Since the impulsive force at B exerts no moment about B the angular momentum about B is conserved:

$$L_B(\text{after}) = I_B\,\omega'\,.$$

Conservation thus gives:

$$\frac{ma^2}{6}\, \omega_0 = \frac{2}{3}\,ma^2\,\omega'\,.$$

Canceling common factors, we find:

$$\omega' = \frac{1}{6}\Bigl/\frac{2}{3}\,\omega_0 = \frac{1}{6}\cdot\frac{3}{2}\,\omega_0 = \frac{\omega_0}{4}\,.$$

However the problem states that immediately after B strikes, the angular speed is written as

$$\frac{\omega_0}{K}\,.$$

Thus comparing, we read off:

$$K = 4\,.$$

Step 3. Energy loss during the impact

Although angular momentum is conserved, kinetic energy is not. Write the total kinetic energy in any inertial frame as the sum of translational energy of the center of mass plus the rotational energy about the center of mass.

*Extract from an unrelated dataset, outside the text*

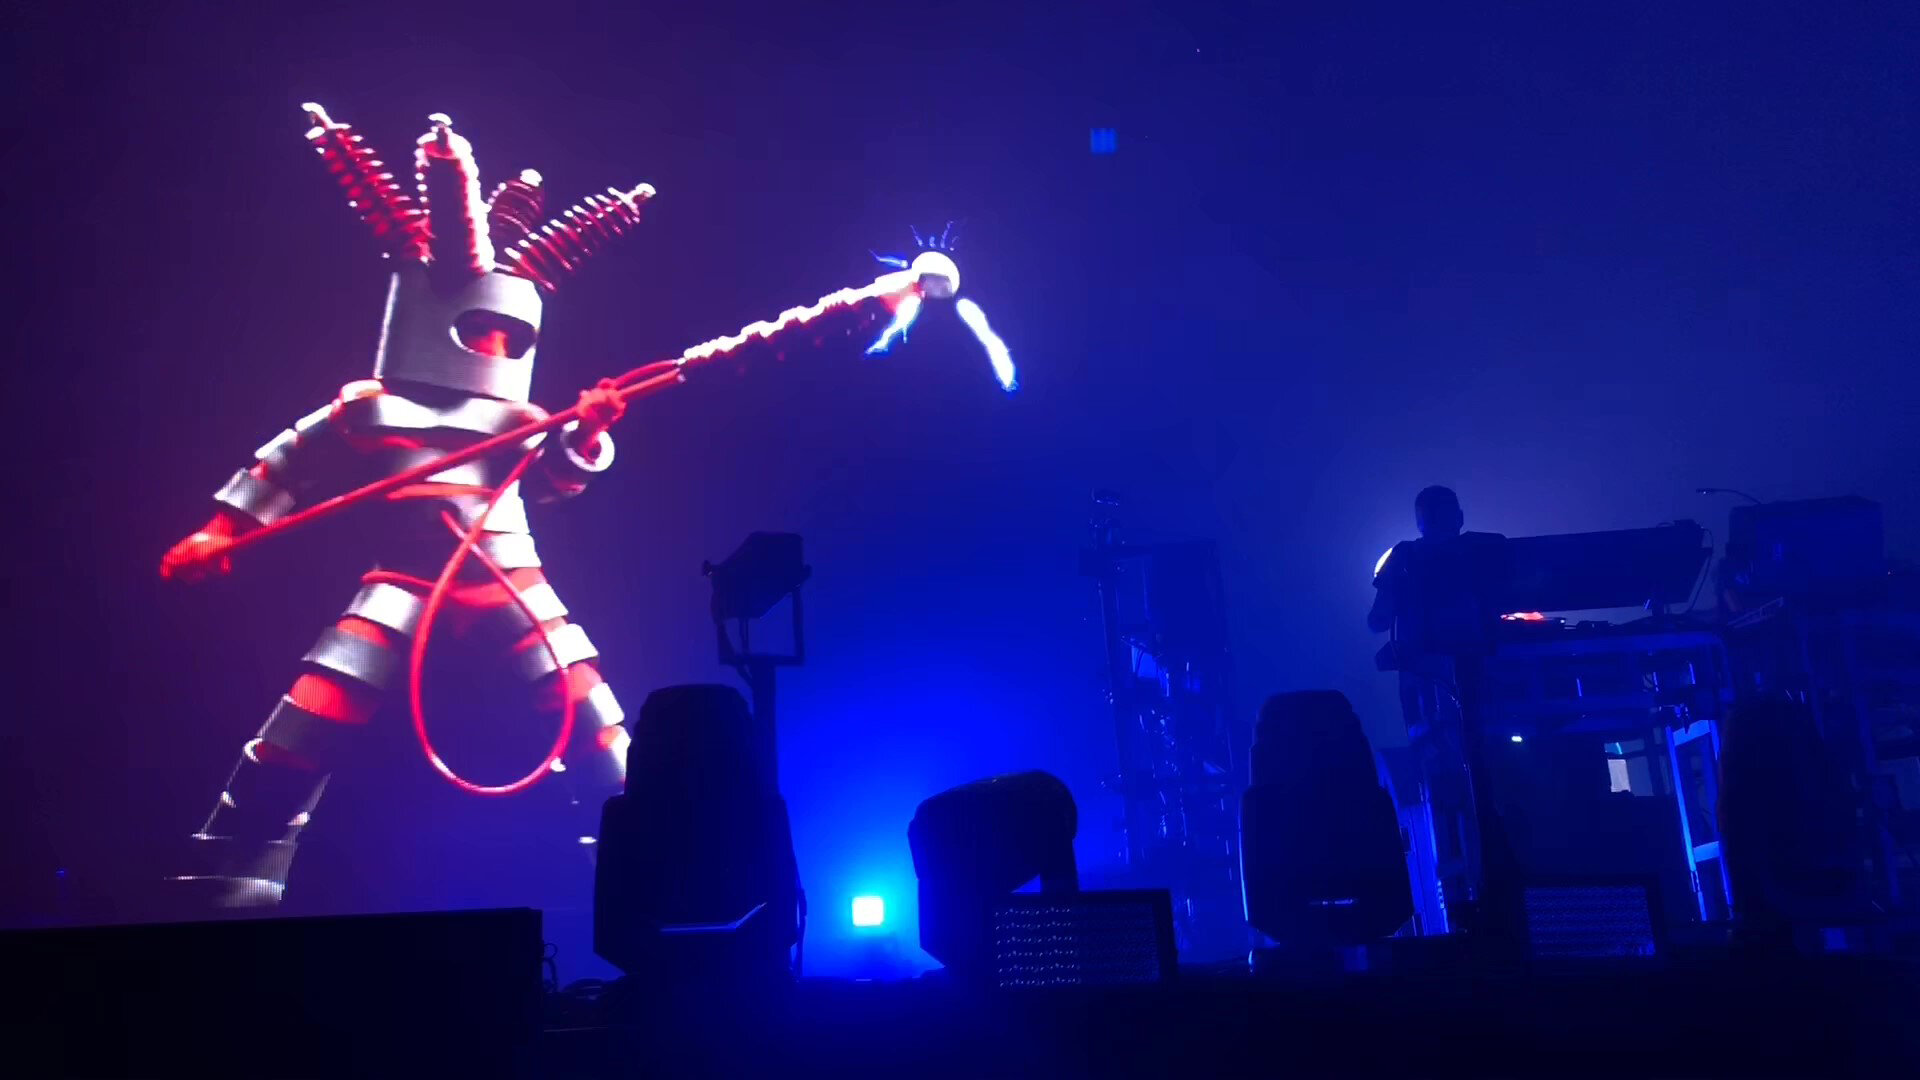 The_Chemical_Brothers_-_Eve_of_Destruction_at_the_Shrine_Expo_Hall_on_05.15.19.jpg

Before impact (rotation about A):

• The center of mass is at G = (a/2,a/2) so its speed is $$v_{G} = \omega_0\,\bigl|\vec{G}\bigr| = \omega_0\,\frac{a}{\sqrt{2}}\,.$$
• Thus, $$K_{\rm before} = \frac{1}{2}m\,v_G^2 + \frac{1}{2}I_{\rm cm}\,\omega_0^2 = \frac{1}{2}m\,\frac{a^2\omega_0^2}{2} + \frac{1}{2}\,\frac{ma^2}{6}\,\omega_0^2 = \frac{ma^2\omega_0^2}{4} + \frac{ma^2\omega_0^2}{12} = \frac{ma^2\omega_0^2}{3}\,.$$

After impact (rotation about B with ω′ = ω₀/4):

• The new center of mass (still G) is now at a distance from B of $$|\vec{G}-\vec{B}|=\frac{a}{\sqrt2}\,,$$ so its speed is $v'_G = \omega'\,a/\sqrt2 = (\omega_0\,a)/(4\sqrt2)$.
• Then, $$K_{\rm after} = \frac{1}{2}m\,(v'_G)^2 + \frac{1}{2}I_{\rm cm}\,(\omega')^2 = \frac{1}{2}m\,\frac{a^2\omega_0^2}{32\cdot 2^{-1}}\;?$$

Let’s compute carefully:

• v'_G^2 = \frac{a^2\omega_0^2}{16\cdot 2} = \frac{a^2\omega_0^2}{32}.

Thus,

$$\frac{1}{2}m\,v_G'^2 = \frac{1}{2}m\,\frac{a^2\omega_0^2}{32} = \frac{ma^2\omega_0^2}{64}\,.$$

Next,

$$\frac{1}{2}I_{\rm cm}\,(\omega')^2 = \frac{1}{2}\,\frac{ma^2}{6}\,\frac{\omega_0^2}{16} = \frac{ma^2\omega_0^2}{192}\,.$$

Thus,

$$K_{\rm after} = \frac{ma^2\omega_0^2}{64}+\frac{ma^2\omega_0^2}{192} = \frac{3ma^2\omega_0^2}{192}+\frac{ma^2\omega_0^2}{192} = \frac{4ma^2\omega_0^2}{192} = \frac{ma^2\omega_0^2}{48}\,.$$

The energy lost is:

$$\Delta K = K_{\rm before} - K_{\rm after} = \frac{ma^2\omega_0^2}{3} - \frac{ma^2\omega_0^2}{48} =\Bigl(\frac{16}{48}-\frac{1}{48}\Bigr)ma^2\omega_0^2 =\frac{15}{48}\,ma^2\omega_0^2 =\frac{5}{16}\,ma^2\omega_0^2\,.$$

Thus the fraction lost is:

$$\frac{\Delta K}{K_{\rm before}} = \frac{(5/16)\,ma^2\omega_0^2}{(1/3)\,ma^2\omega_0^2} = \frac{5}{16}\times\frac{3}{1} = \frac{15}{16}\,.$$

Since this fraction is given as $\frac{\alpha}{\beta}$ with $\alpha=15,\;\beta=16$, the problem asks for $\alpha+\beta=15+16=31$.